I don’t necessarily recommend this method of learning. In fact, there were plenty of times in which my lack of formal training led me to reinvent the wheel, as they say. It certainly helps to know what languages, tools, conventions, and resources are available for you to use before you begin. But there’s so much available that it can be hard to know where to start if you know little about software engineering in general.

It was only after graduate school, when I started working at a software company, that I gained valuable experience with Java, object-oriented programming, several different types of databases, REST APIs, and various useful coding conventions and good practices that most software developers probably already know and that I’ve found helpful. And all of it was real-life data science in the wild, so to speak, so it was doubly helpful for me to learn. For those who were like me a few years ago and don’t have much pure software development experience, I’ll share the things that I wish I had known as I was getting started. Hopefully, this section will help beginning programmers understand how certain aspects of programming relate to others and feel more comfortable using them, discussing them, and searching for more information about them.

Scripting

A program can be as simple as a list of commands to be executed in order. Such a list of commands is usually called a script, and the act of writing one is called scripting. In MATLAB (or the open-source clone GNU Octave), a script can be as simple as this:

filename = "timeseries.tsv";
dataMatrix = dlmread(filename);
dataMatrix(2,3)

The lines of this script set a variable named filename to the value "timeseries.tsv", load the file whose name is contained in filename into the variable named data-Matrix, and then print on the screen the value contained in the second row and third column of dataMatrix. After installing MATLAB or Octave, there’s very little preventing a beginning programmer from writing a simple script like this. The file timeseries.tsv needs to be in a particular format—in this case, tab-separated values (TSV)—in order for the built-in function dlmread to be able to read it properly. And you’d have to know about dlmread and a little about the syntax of the language, but it’s easy to find good examples online and elsewhere.
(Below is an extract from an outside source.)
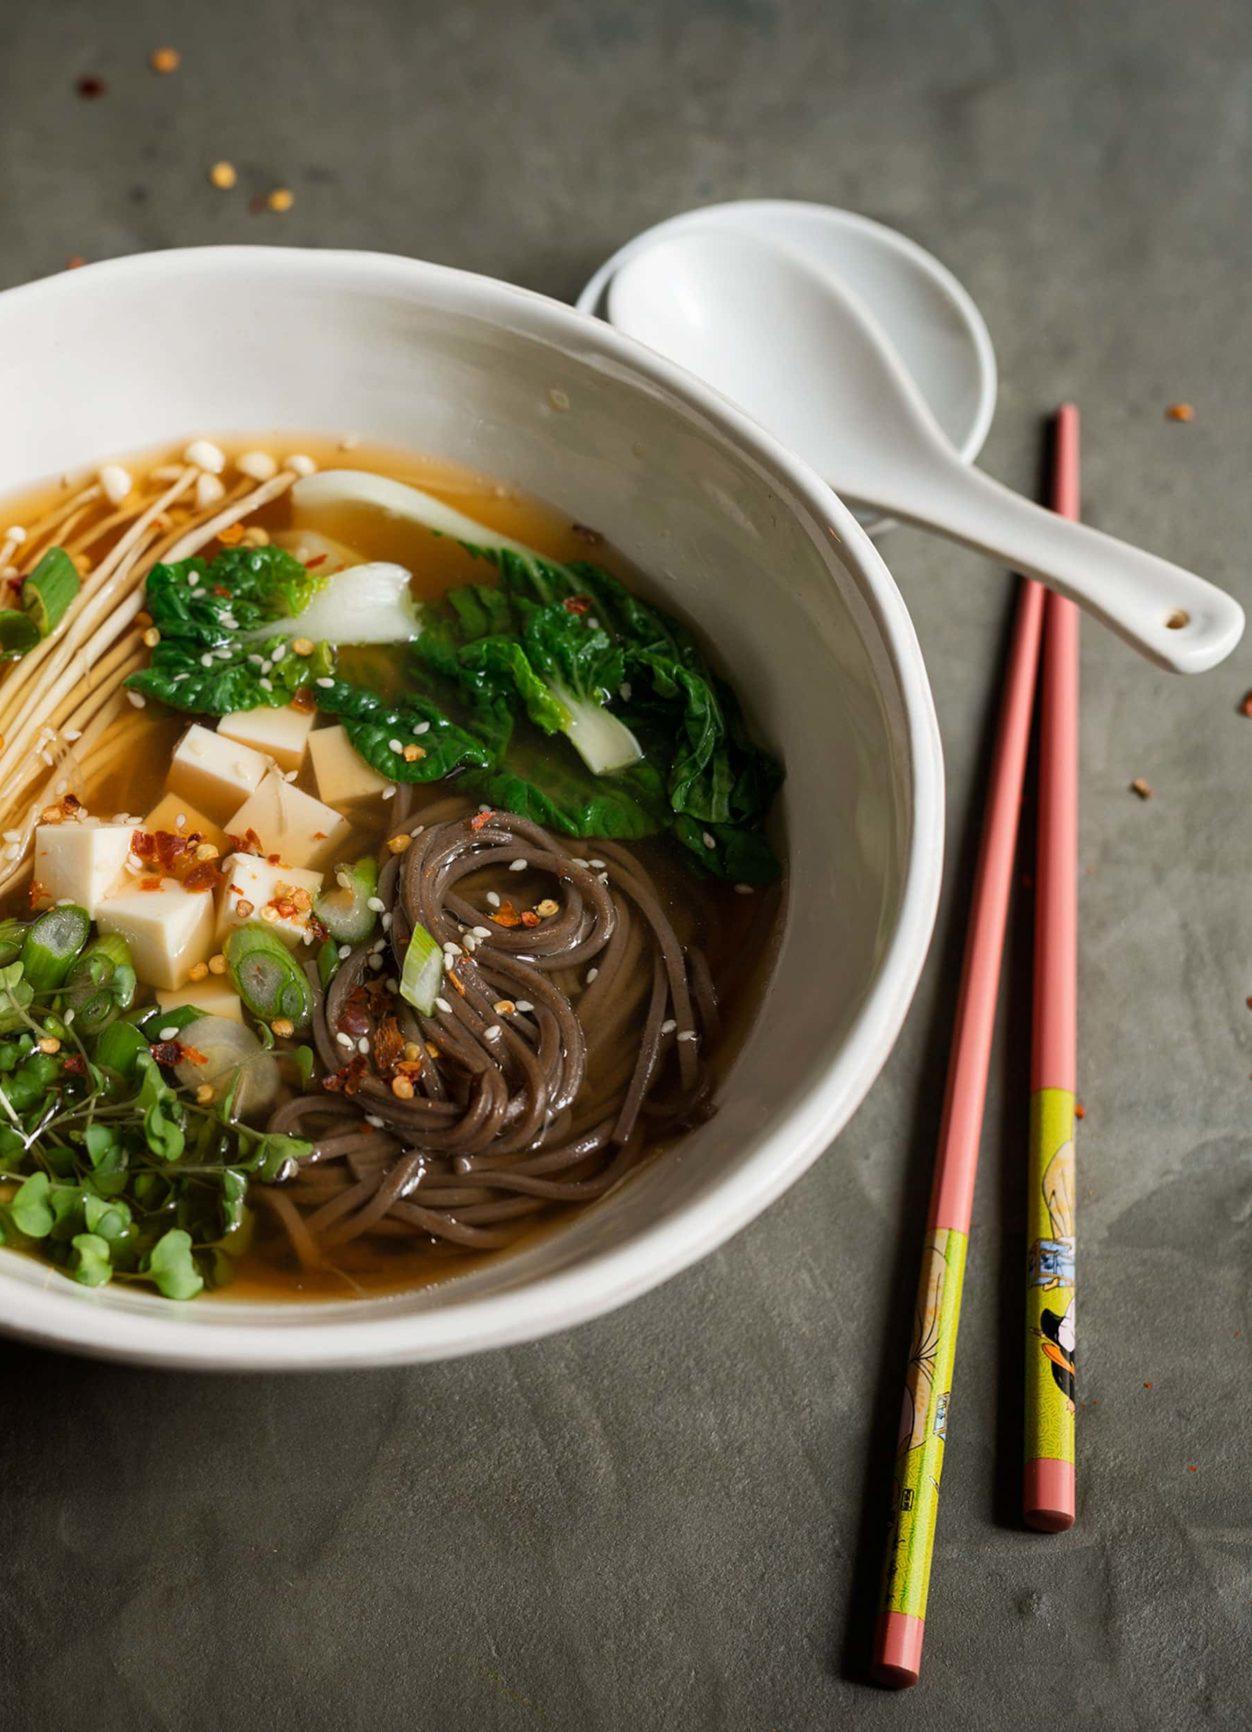 Miso Suppe mit Sobanudeln, Pak Choi, Enoki und Silk Tofu

My main point in showing this extremely simple example is that it’s not that hard to get started with programming. If you have a spreadsheet, you can export a sheet of numeric values to TSV or CSV format and load the data as I’ve shown here, and you can immediately interact with the data via such a script, adding or removing commands to accomplish what you want.

An important thing to note is that the commands of such a script can be run in both an interactive language shell as well as an operating system’s shell. That means you have a choice of writing a script and then telling your OS (how exactly depends on your OS) to run the whole script, or opening the interactive language shell and entering the commands directly within that shell. The OS method of running the script is generally more portable, and the interactive shell has the advantage of allowing line-by-line execution interspersed with other commands, edits, and checks that you might find helpful. For example, let’s say you forgot what’s in the file timeseries.tsv. In the interactive shell (to get to the interactive shell, open MATLAB, and the shell prompt appears immediately on the screen) you could run the first two lines of the previous script to load the file and then you could type dataMatrix at the prompt and press Enter to display the contents of that variable, which were loaded from timeseries.tsv. For a small file, this can be handy. An alternative is to open the file in Excel and look at the values there, which for some people is at least as appealing. But let’s say you wanted to see the two-millionth line of a table contained in a CSV. Excel would probably have serious trouble loading the file; as of this writing, no version of Excel can handle files with two million lines. But MATLAB would have no problem with it. To inspect the two-millionth line, load the file as shown earlier, and enter dataMatrix(2000000,:) on the interactive shell prompt.

I spent most of my early programming years on the interactive shells of MATLAB and R. My typical workflow would be this:

  1. Load some data into a variable in the interactive environment.
  2. Play around with the data, inspecting and calculating some results.
  3. Copy the useful commands from step 2 into a file (script) for reuse later.

As my commands became more complex, the script file became longer and more complex. Most days, as I was analyzing data, and particularly in an exploratory phase, I would end up with a script containing exactly the commands that could return me to the state I was in so that I could continue my work on a later date. The script would load into the interactive environment whatever data sets I needed, make data transformations or calculations, and generate graphs and results.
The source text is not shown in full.